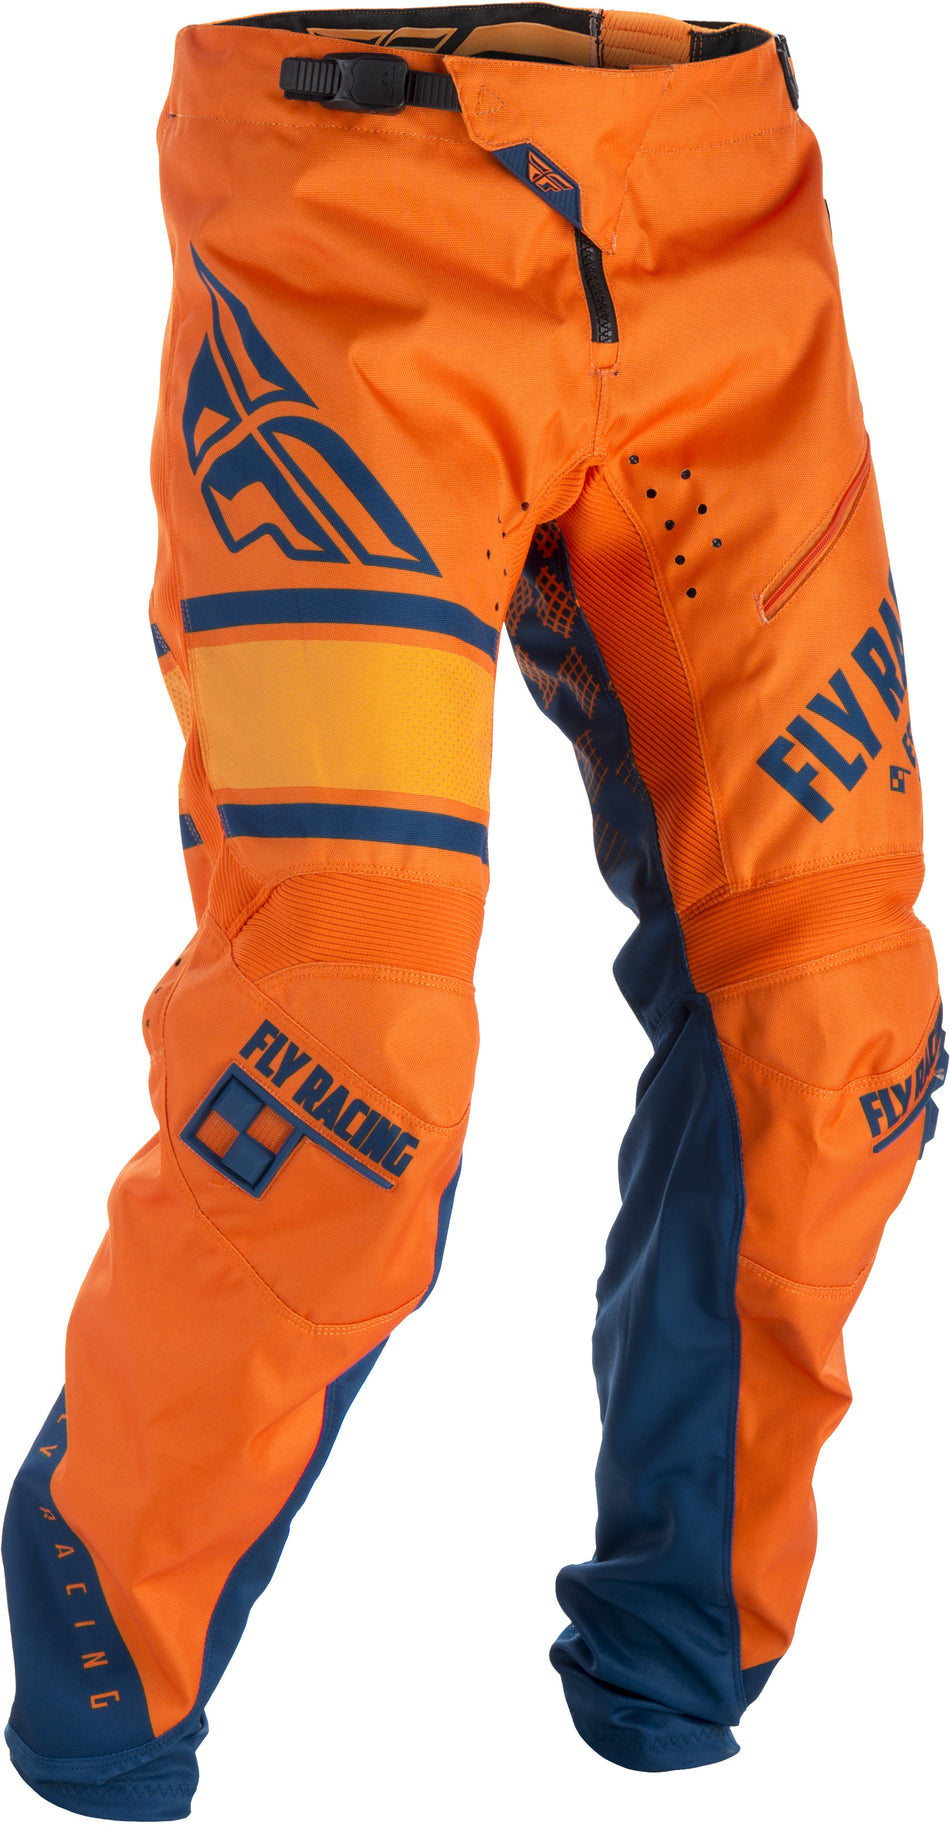 FLY RACING Kinetic Era Bicycle Pants Orange/Navy Sz 38 371-02838
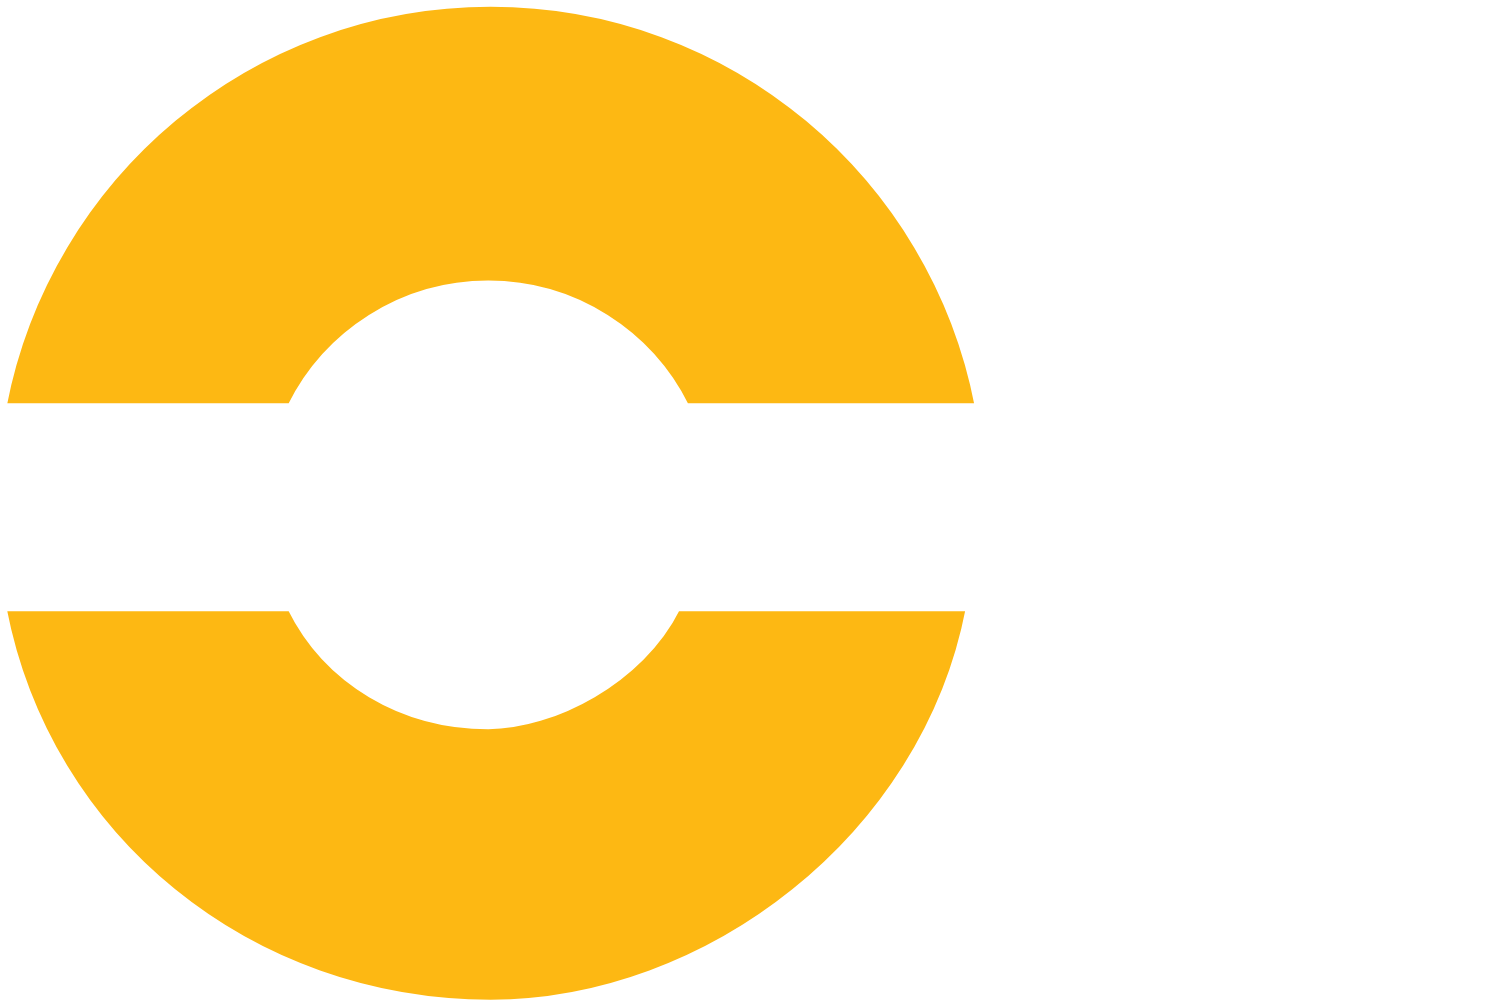 Interroll logo large for dark backgrounds (transparent PNG)
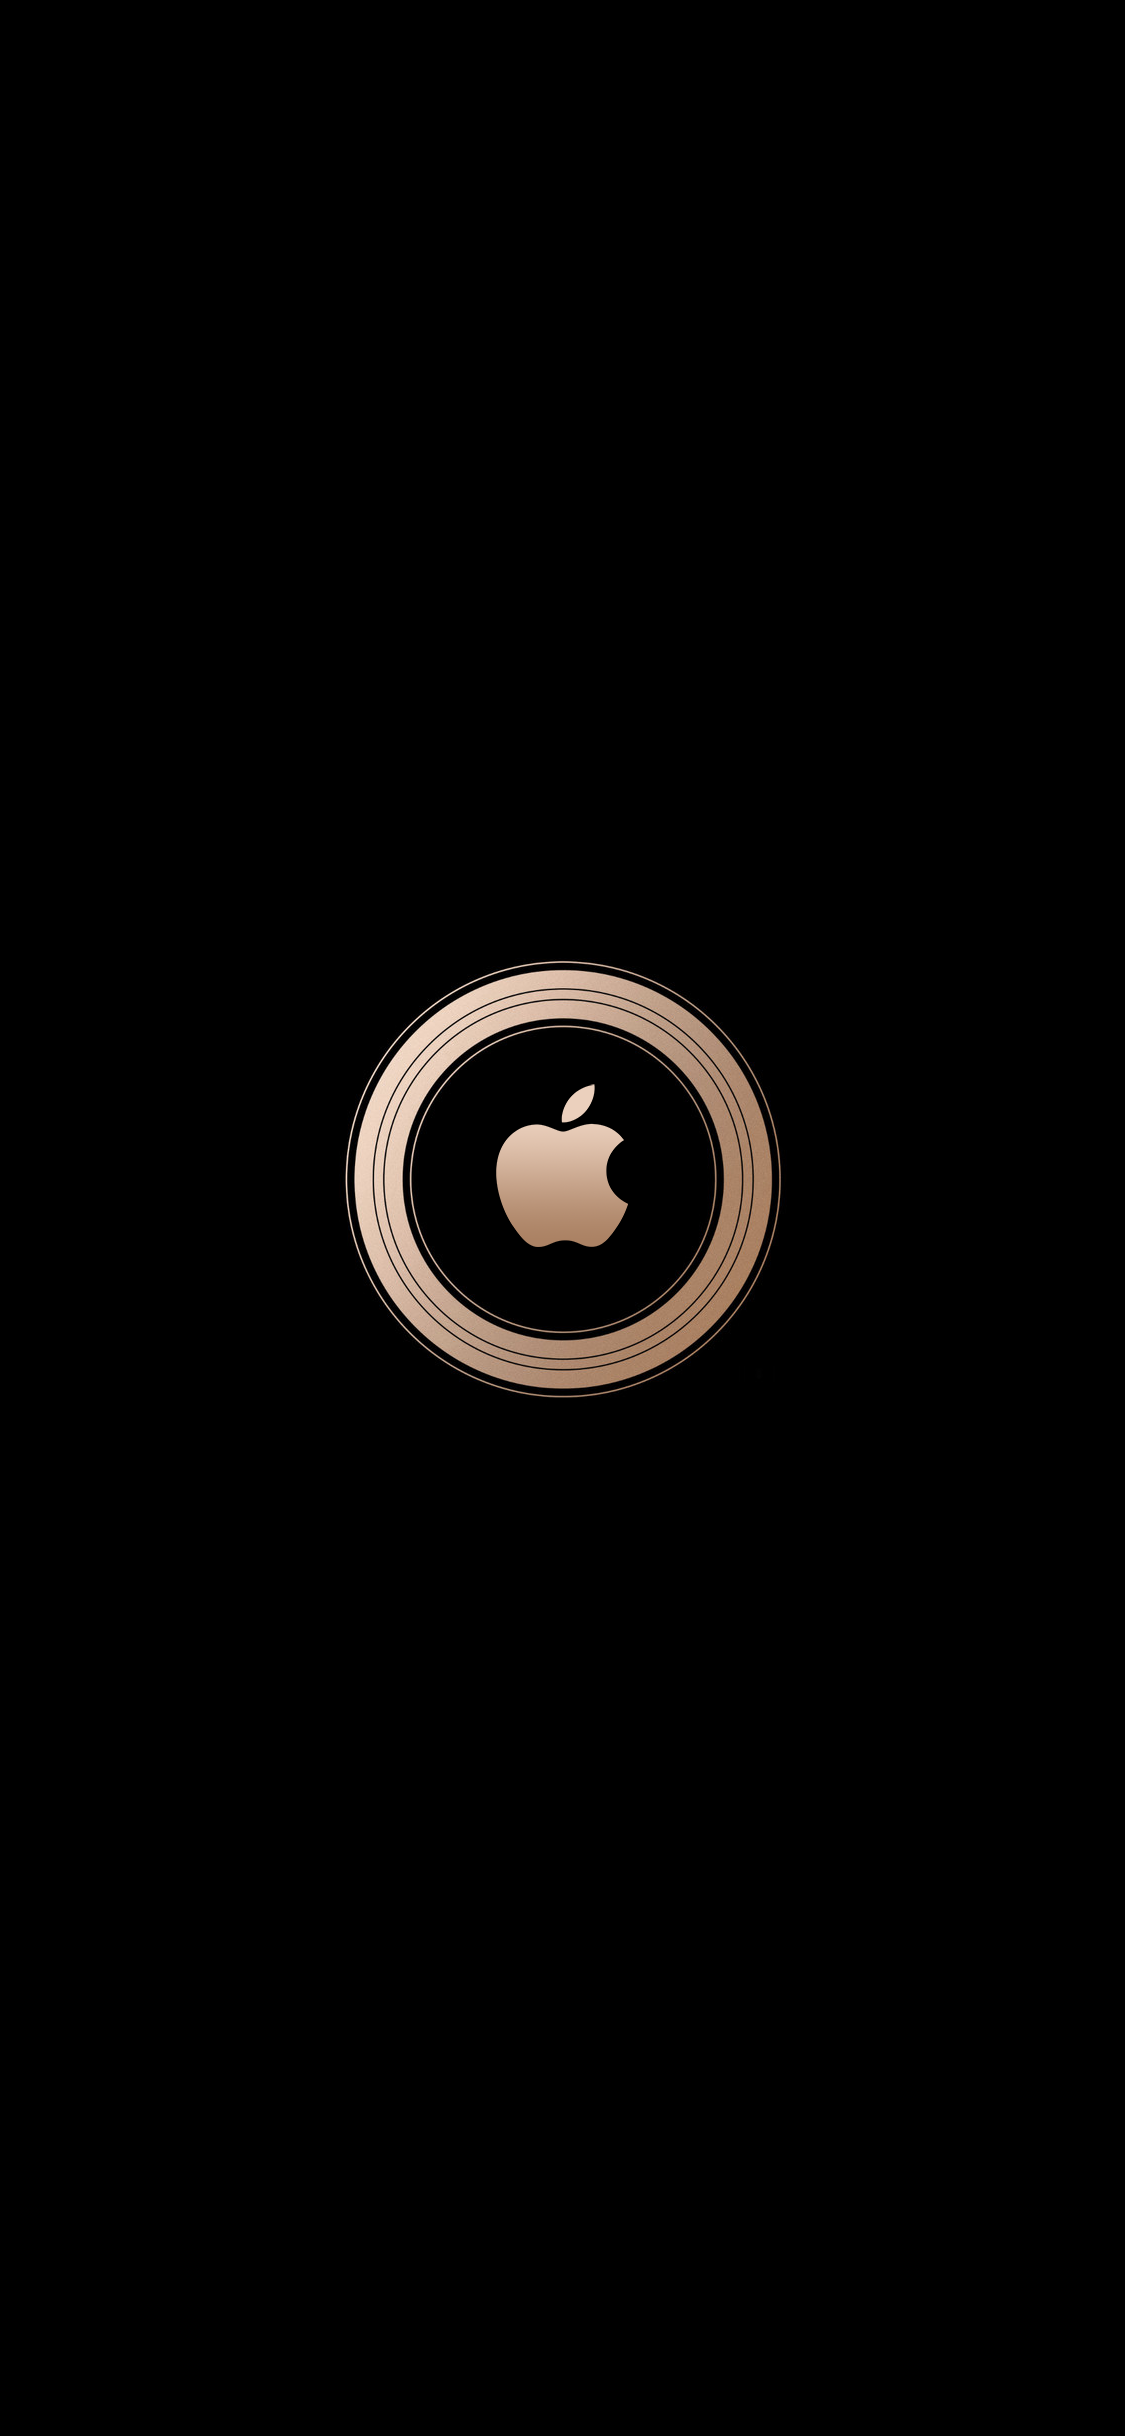 Golden Apple Logo Wallpaper Free Golden Apple Logo Background

● **What is expected**
Every line of the data above is to be set down exactly; the pictures are not.

● **Solution**
 FLY RACING Kinetic Era Bicycle Pants Orange/Navy Sz 38 371-02838
 Interroll logo large for dark backgrounds (transparent PNG)
 Golden Apple Logo Wallpaper Free Golden Apple Logo Background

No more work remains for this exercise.